В тоне, каким были сказаны эти слова, звучало нечто, чрезвычайно глубоко задевшее Мордонта: они «таили зло», как говорит Гамлет, и грозили, очевидно, бедой. Кливленд увидал изумление юноши, подошел к нему вплотную и, понизив голос, произнес:

– Вот что, мой юный друг, среди джентльменов удачи в том случае, если двое гонятся за одной добычей и стремятся отнять друг у друга ветер, принято считать, что шестьдесят ярдов морского берега и пара ружей – неплохой способ для того, чтобы уравнять шансы.

– Я не понимаю вас, капитан Кливленд, – ответил Мордонт.

– Ах, вы не понимаете меня! Ну конечно, я так и думал, что не поймете, – ответил капитан и, круто повернувшись на каблуках, с улыбкой, похожей на издевательство, смешался с гостями. Вскоре Мордонт увидел его рядом с Минной, которая живо заговорила с ним, словно благодаря за храбрый и самоотверженный поступок.

«Если бы не Бренда, – подумал Мордонт, – я почти сожалею, что он не оставил меня на дне воу, ибо, видимо, никому на свете нет дела до того, жив я или умер. Пара ружей и шестьдесят ярдов морского берега – вот, значит, чего он хочет! Ну что ж, так оно, пожалуй, и будет, но не в тот день, когда он спас мою жизнь с опасностью для своей собственной».

Пока он раздумывал таким образом, Эрик Скэмбистер шепнул Клоду Холкро:

– Ну, если эти молодцы не принесут друг другу несчастье – лгут тогда, значит, все предсказания. Мейстер Мордонт спасает Кливленда – прекрасно, Кливленд вместо благодарности занимает его место в Боро-Уестре и в сердцах ее обитателей, а вы сами понимаете, что значит потерять благорасположение такого дома, где котелку с пуншем никогда не дают остыть. Теперь этот Кливленд, в свою очередь, имеет глупость выудить Мордонта из воу: посмотрим, не получит ли он в награду дрянной рыбешки вместо доброй трески?

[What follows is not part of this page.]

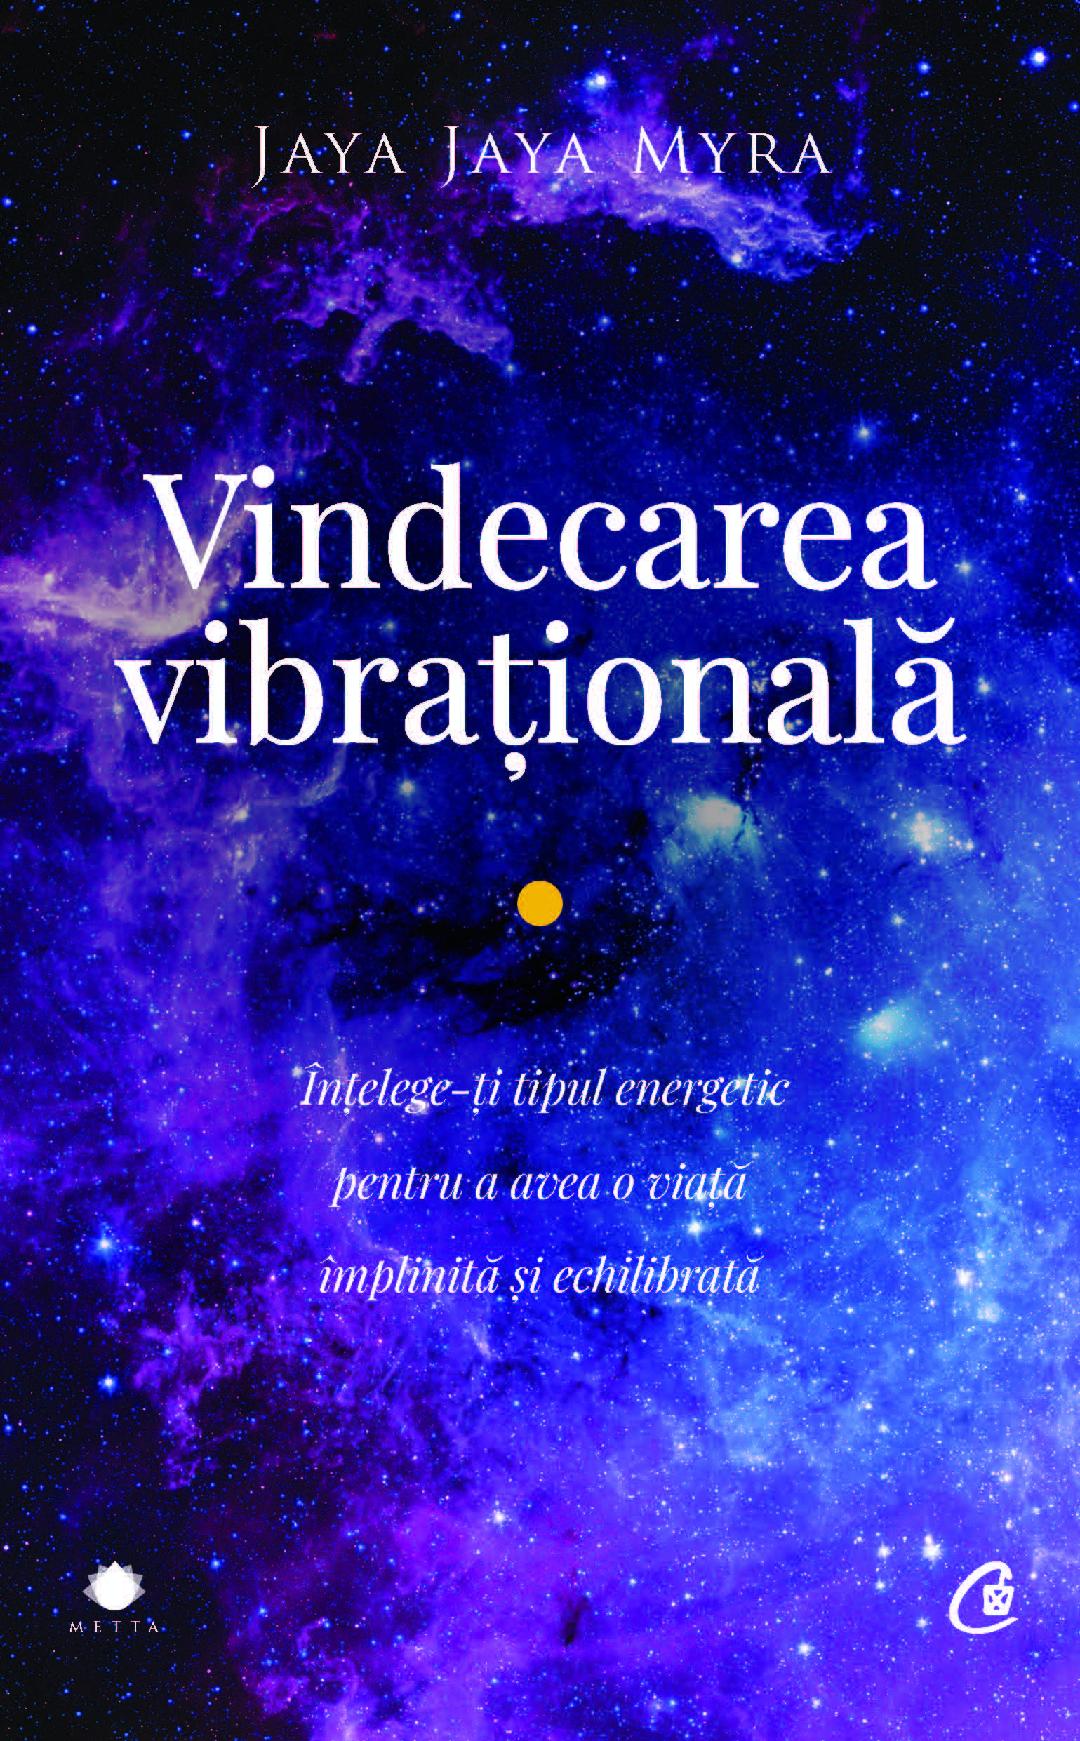 Vindecarea vibrationala Ed.2 - Jaya Jaya Myra

– Полно, полно, – отвечал поэт, – все это бабьи сказки, друг мой Эрик; а знаете, что сказал по этому поводу достославный Драйден, он же святой Джон?

 
Желчь желтая, скопившись в пузыре,
Дала начало всей твоей хандре.
 

– Святой ли Джон, святой ли Джеймс – все едино. Оба могут в этом деле ошибаться, – заметил Эрик, – ибо, полагаю, никто из них не живал в Шетлендии. Я говорю только, что если есть правда в старых поговорках, так эти два молодца принесут друг другу несчастье. И если это случится, пусть уж лучше плохо придется Мордонту Мертону.

– Но почему же, Эрик Скэмбистер, – с досадой спросил его Холкро, – желаете вы зла бедному молодому человеку, который, право же, стоит полсотни других?

– На вкус и цвет товарищей нет, – ответил Эрик, – мейстер Мордонт одну только воду и пьет – точно так, как эта старая акула, его отец, ну, а капитан Кливленд – тот ловко умеет пропустить стаканчик, как и подобает порядочному человеку и джентльмену.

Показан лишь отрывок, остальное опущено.